No, a model trained on text covered by a license is not itself covered by the license, unless it explicitly copies the text (you cannot copyright a "style").
But it actually is explicitly copying the text. That's how it works. The training data are massive, and you will get long strings of code that are pulled directly from that training data. It isn't giving you just the style. It may be mashing together several different code examples taking some text from each. That's called "derivative work".
My guess is that it is, if we think of a machine learning framework as a compiler and the model as compiled code. Compiled GPL code is still GPL, that's the entire point.
Anyways, GitHub is Microsoft, and Microsoft has really good lawyers so I guess they did everything necessary to make sur that you can use it the way they tell you so. The most obvious solution would be to filter by LICENSE.txt and only train the model with code under permissive licenses.
The trained model is a derivative work that contains copies of the corpus used for training embedded in the model. If any of the training code was GPL the output is now covered by GPL. The music industry has already done most of the heavy lifting here in terms of scope and nature of derived works, and while IANAL I would not suggest that it looks good for anyone using this tool if GPL code was in the training set.

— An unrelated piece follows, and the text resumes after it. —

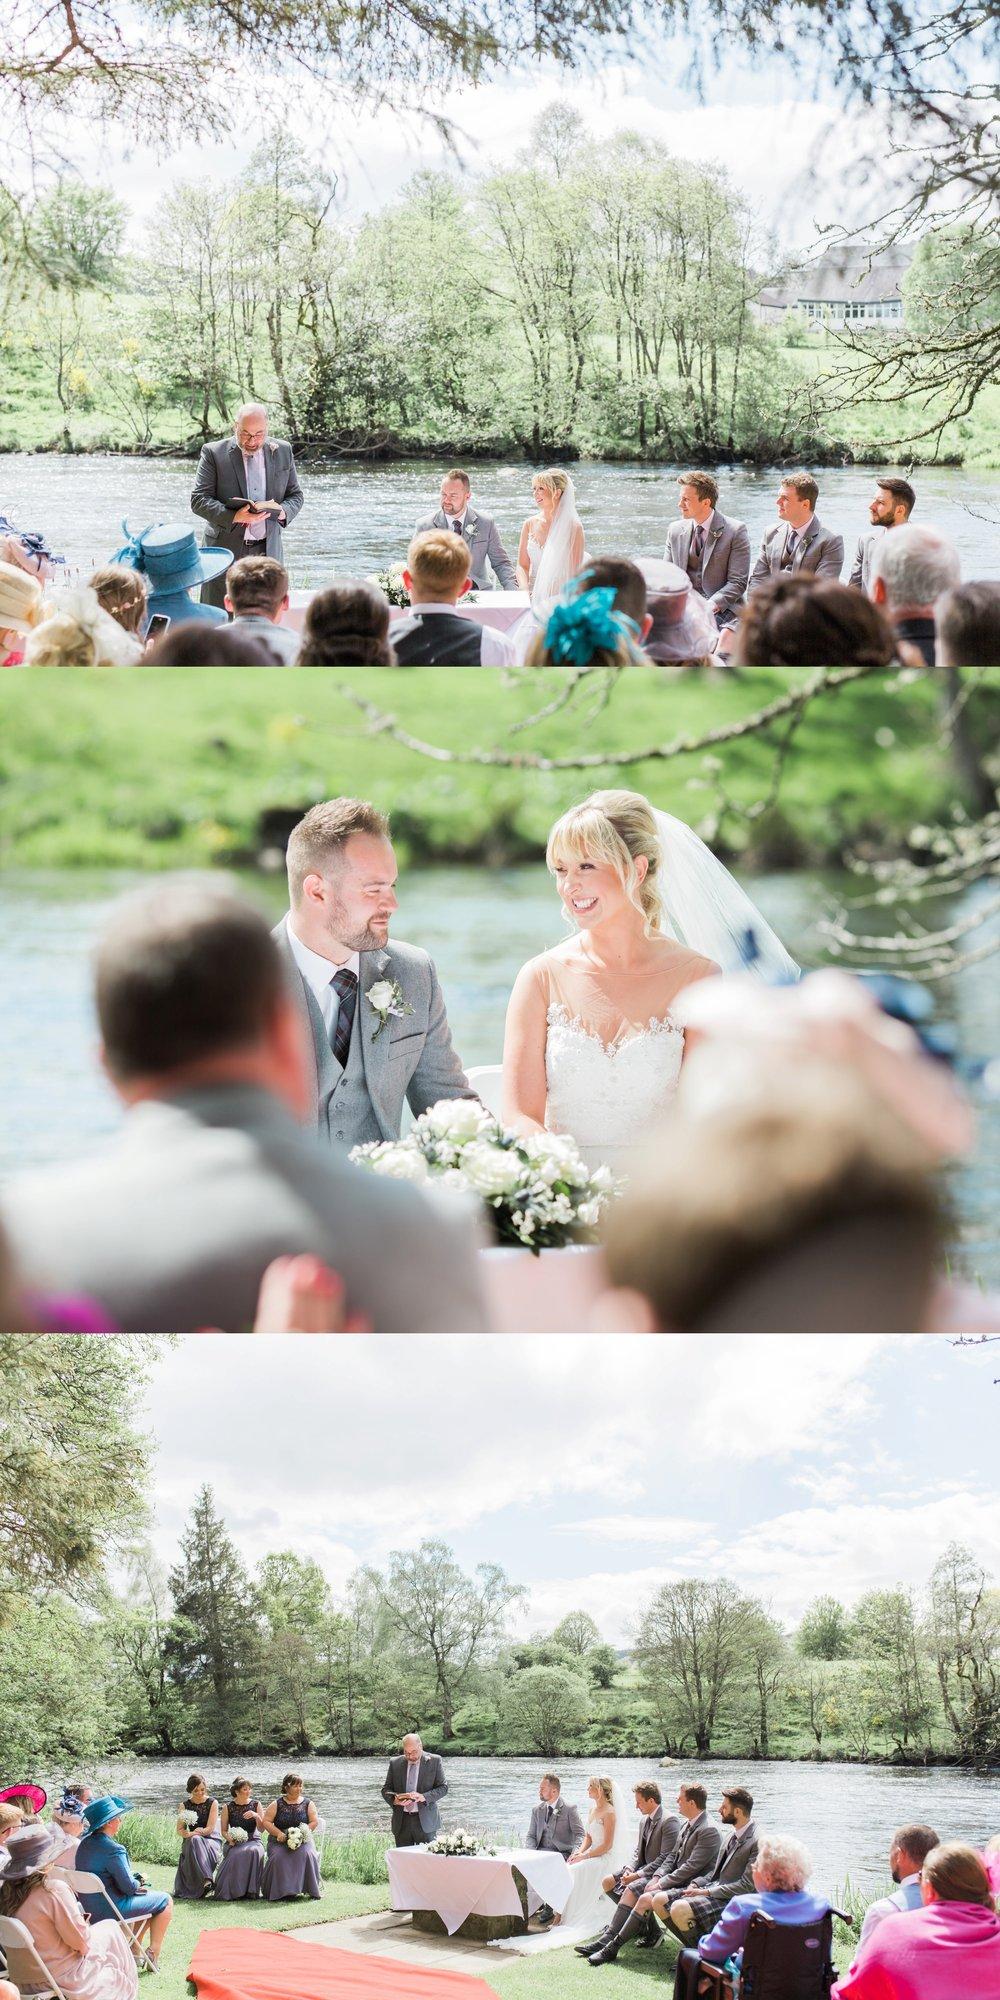 Suzanne_li_photography_Roman_camp_wedding_0012.jpg

I seem to remember a similar discussion on Intellicode (similar thing, but more like Intellisense, and as Visual Studio plugin), which is trained on "github projects with more than 100 stars". IFIR they check the LICENSE.txt file in the project and ignore projects with an "incompatible" license. I don't have any links handy which would confirm this though.
My guess would be that the model itself (and the training process) could have different legal requirements compared to the code it generates. The code generated by the model is probably sufficiently transformative new work that wouldn't be GPL (it's "fair use").
I suspect there could be issues on the training side, using copyrighted data for training without any form of licensing. Typically ML researchers have a pretty free-for-all attitude towards 'if I can find data, I can train models on it.'
No, the code generated is what copyright law calls a derivative work and you should go ask Robin Thicke and Pharrell Williams exactly how much slack the courts give for 'sufficiently transformative new work.
But possibly things that were spit out verbatim from the training set, which the FAQ mentions does happen about .1% of the time [1]. Another comment in this thread indicated that the model outputs something that's verbatim usable about 10% of the time. So, taking those two numbers together, if you're using a whole generated function verbatim, a bit of caveat emptor re: licensing might not be the worst idea. At least until the origin tracker mentioned in the FAQ becomes available.
[2] "GitHub Copilot is a code synthesizer, not a search engine: the vast majority of the code that it suggests is uniquely generated and has never been seen before. We found that about 0.1% of the time, the suggestion may contain some snippets that are verbatim from the training set. Here is an in-depth study on the model’s behavior. Many of these cases happen when you don’t provide sufficient context (in particular, when editing an empty file), or when there is a common, perhaps even universal, solution to the problem. We are building an origin tracker to help detect the rare instances of code that is repeated from the training set, to help you make good real-time decisions about GitHub Copilot’s suggestions."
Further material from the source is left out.